Task description – Please write out exactly the line containing "What’s in Store" below and every line after it, through the last one, but leave out any pictures.

Data shown –
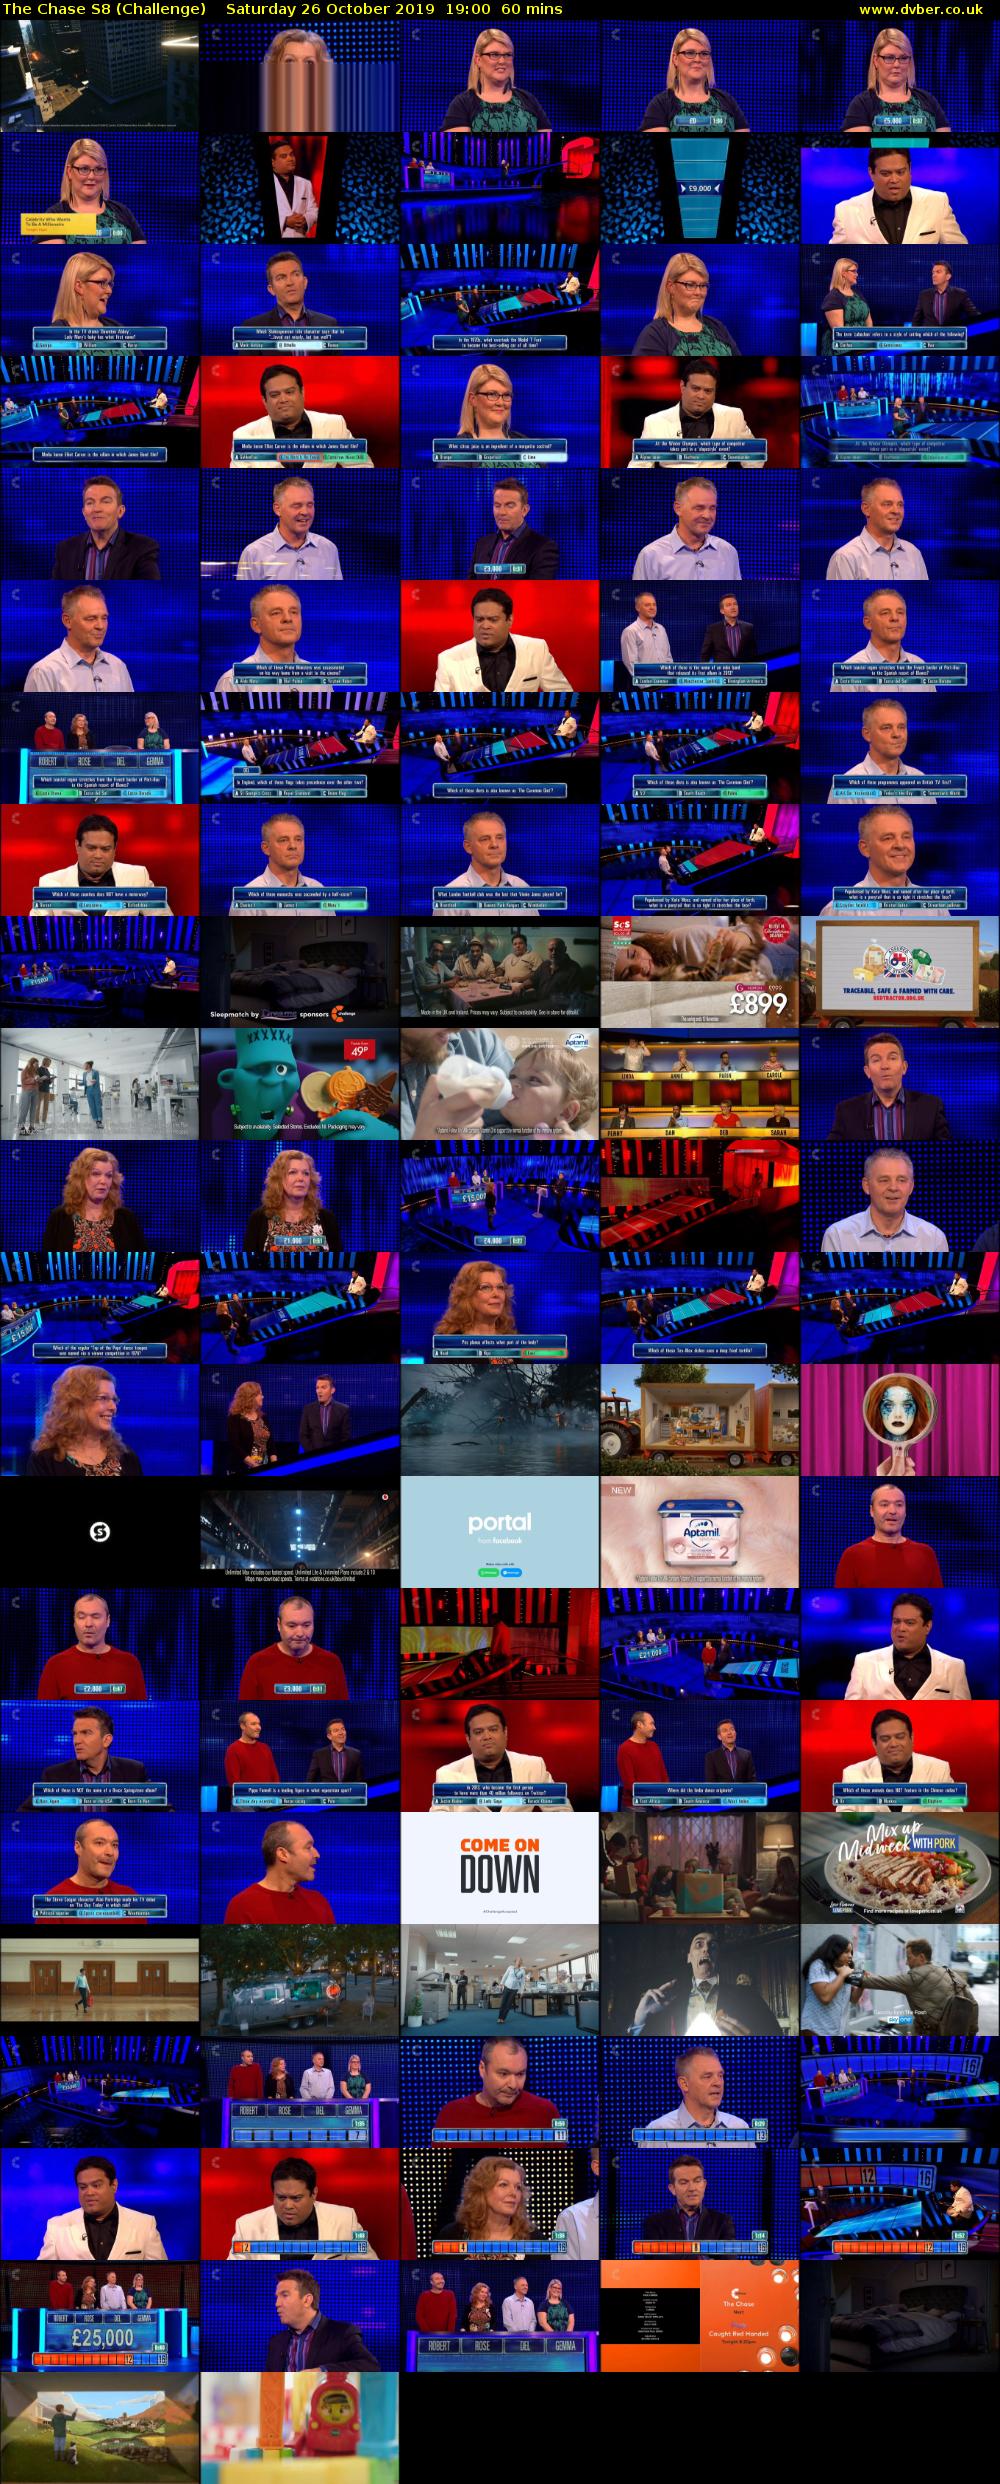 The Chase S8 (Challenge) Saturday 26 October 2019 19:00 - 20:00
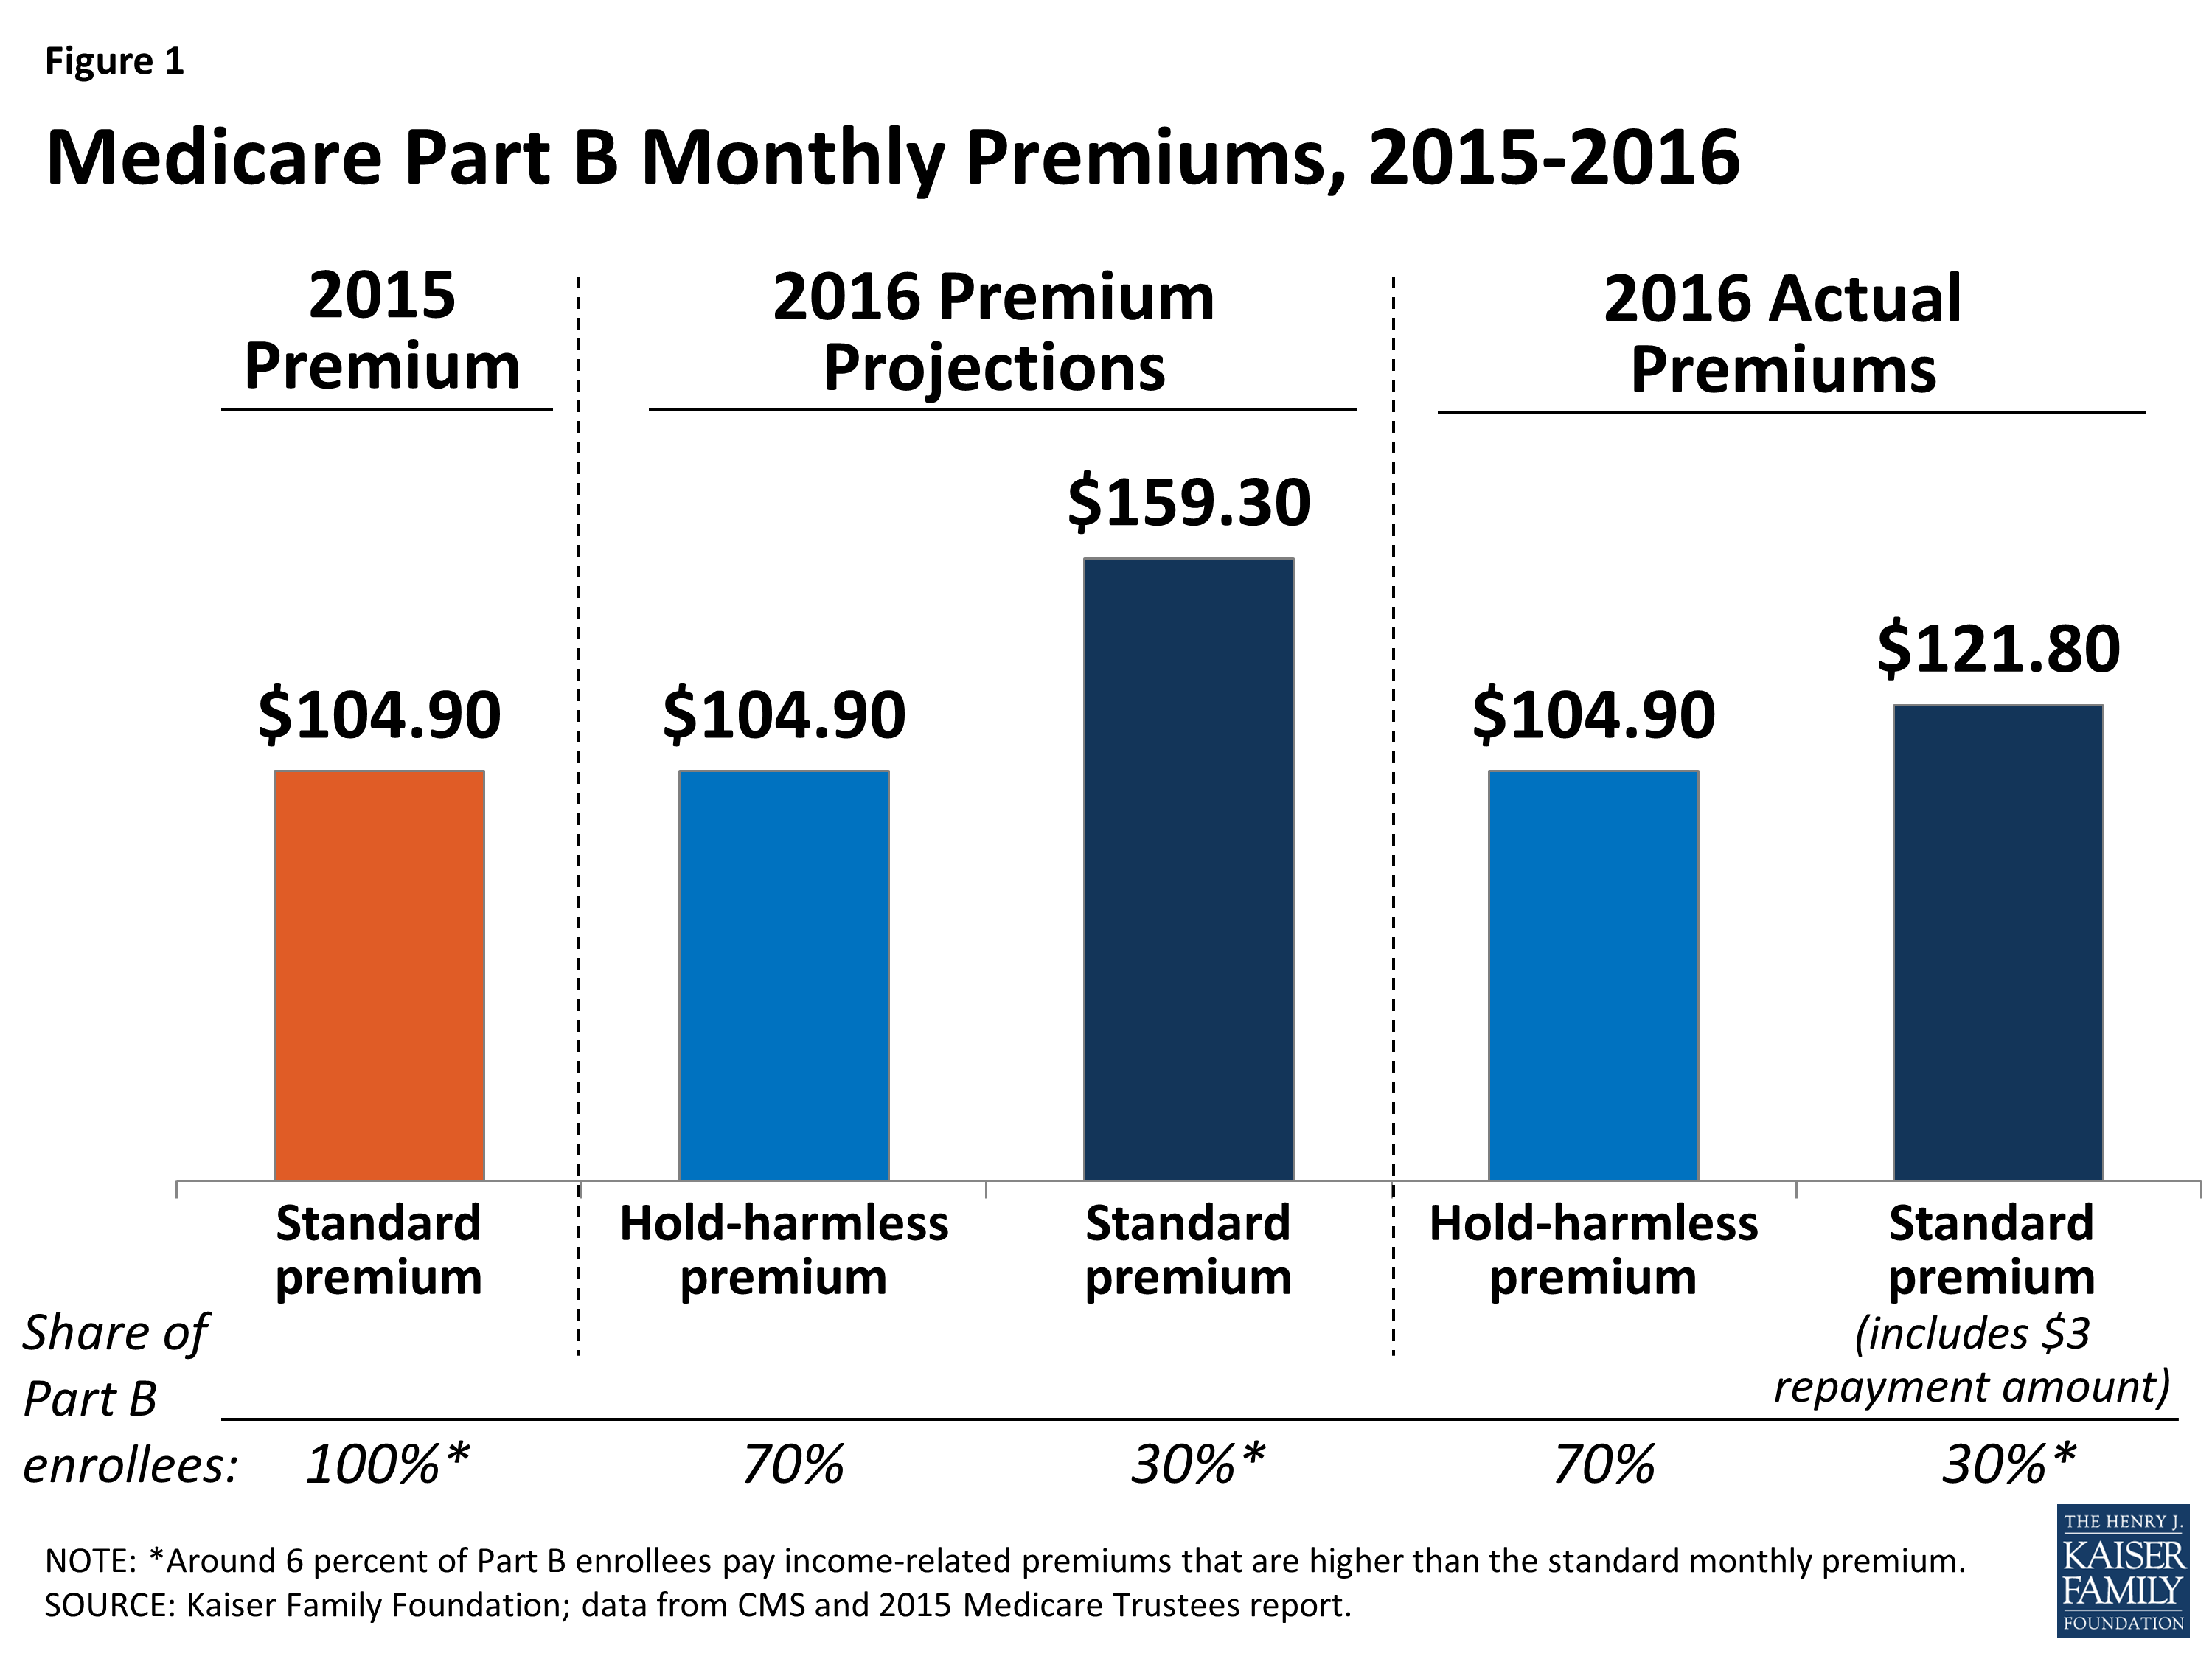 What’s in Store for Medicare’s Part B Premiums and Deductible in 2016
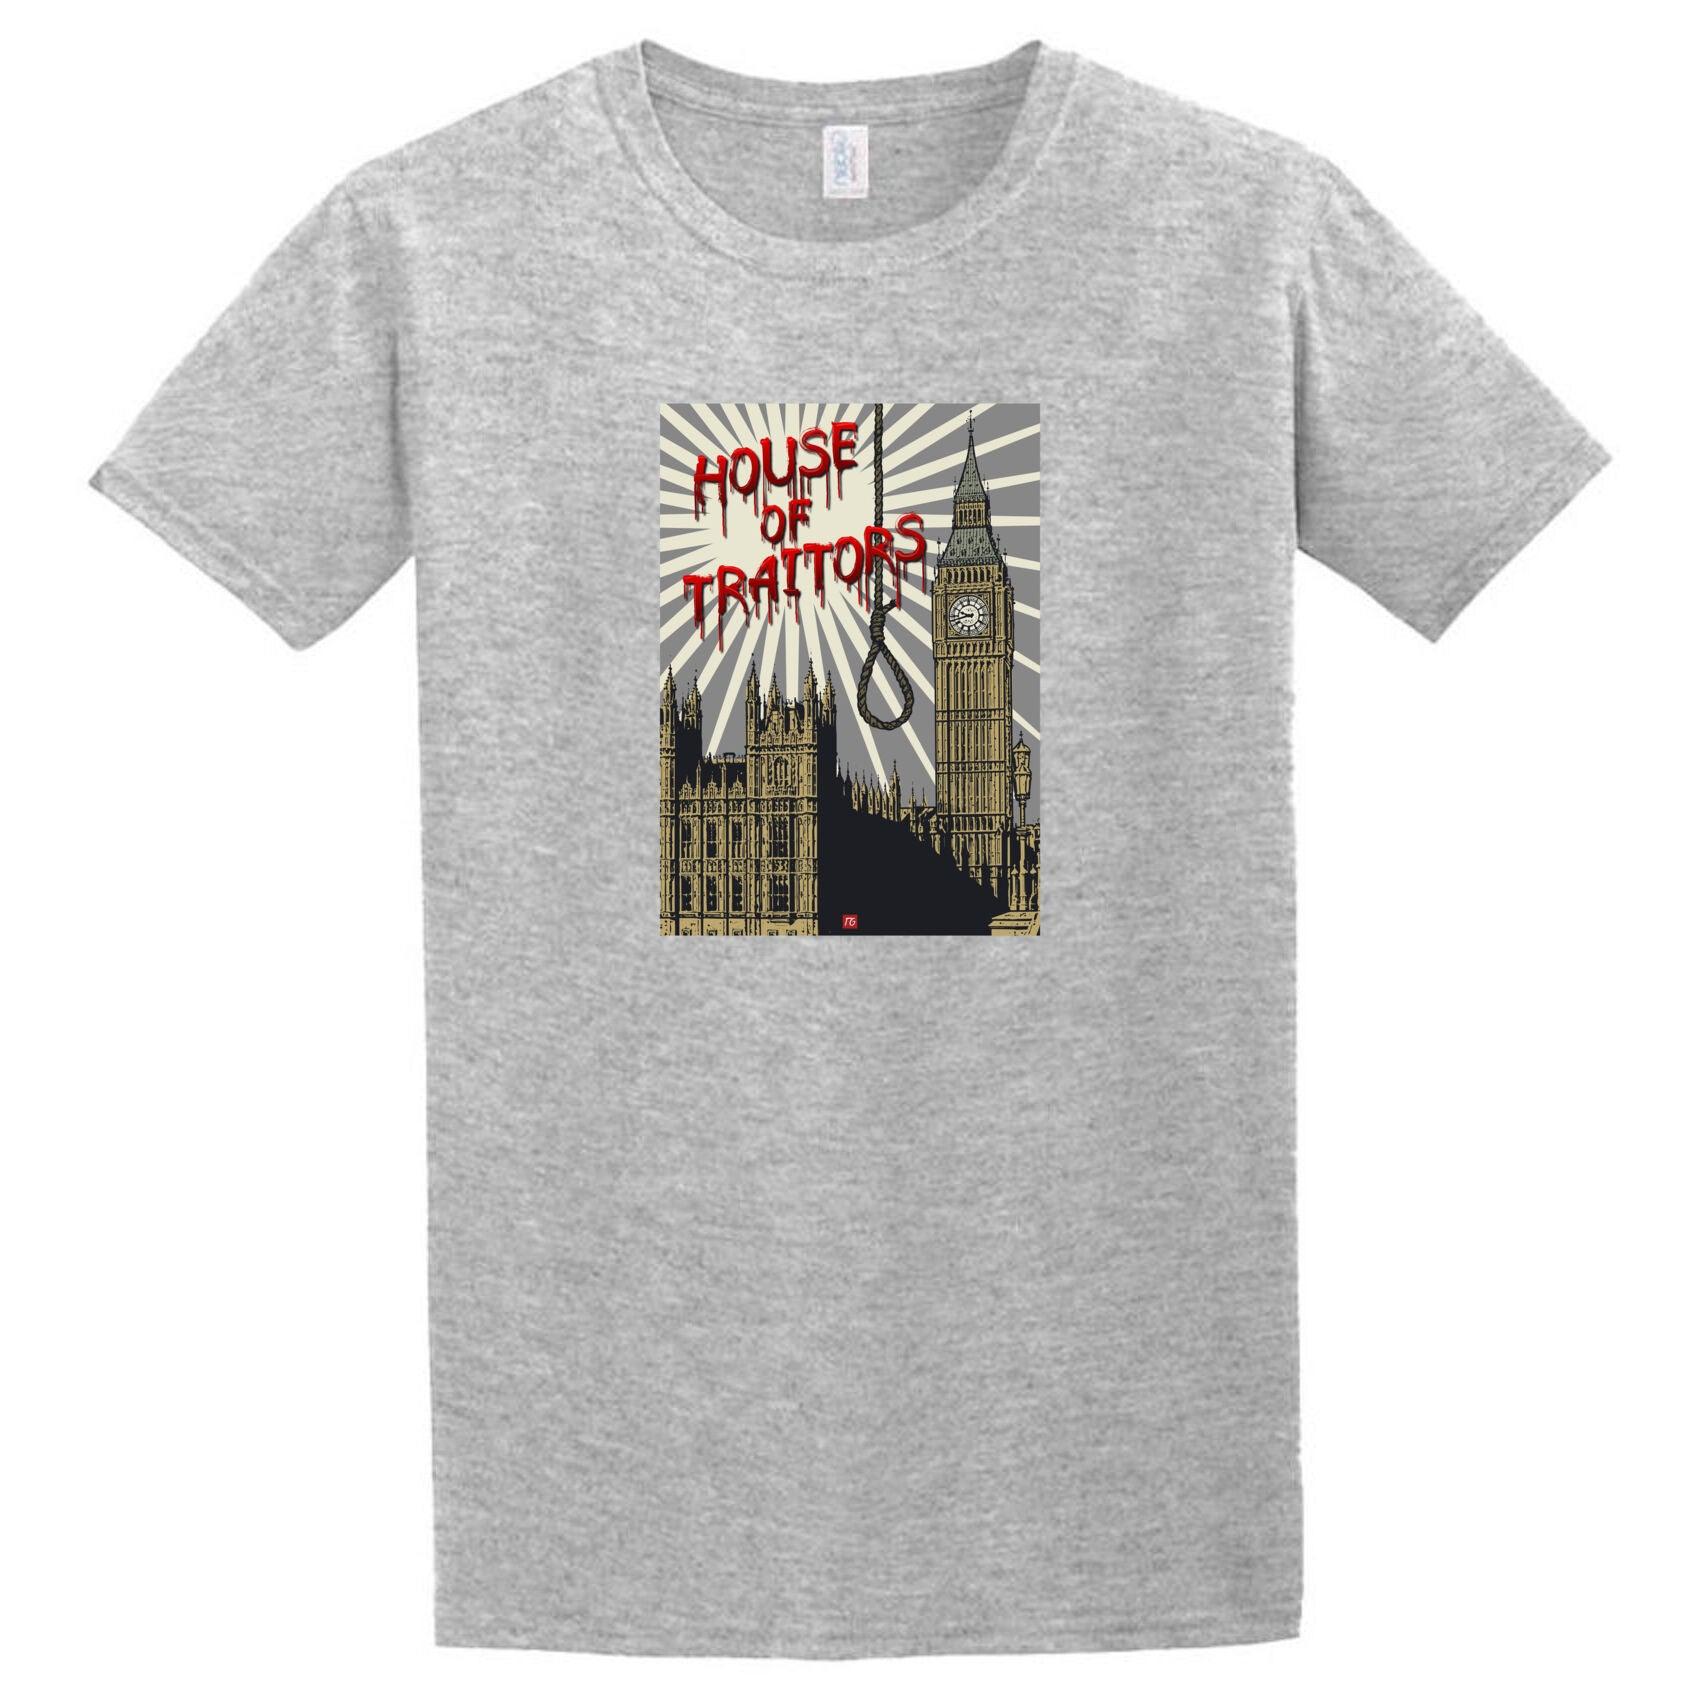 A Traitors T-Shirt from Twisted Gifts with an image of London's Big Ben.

Exercise answer –
 What’s in Store for Medicare’s Part B Premiums and Deductible in 2016
 A Traitors T-Shirt from Twisted Gifts with an image of London's Big Ben.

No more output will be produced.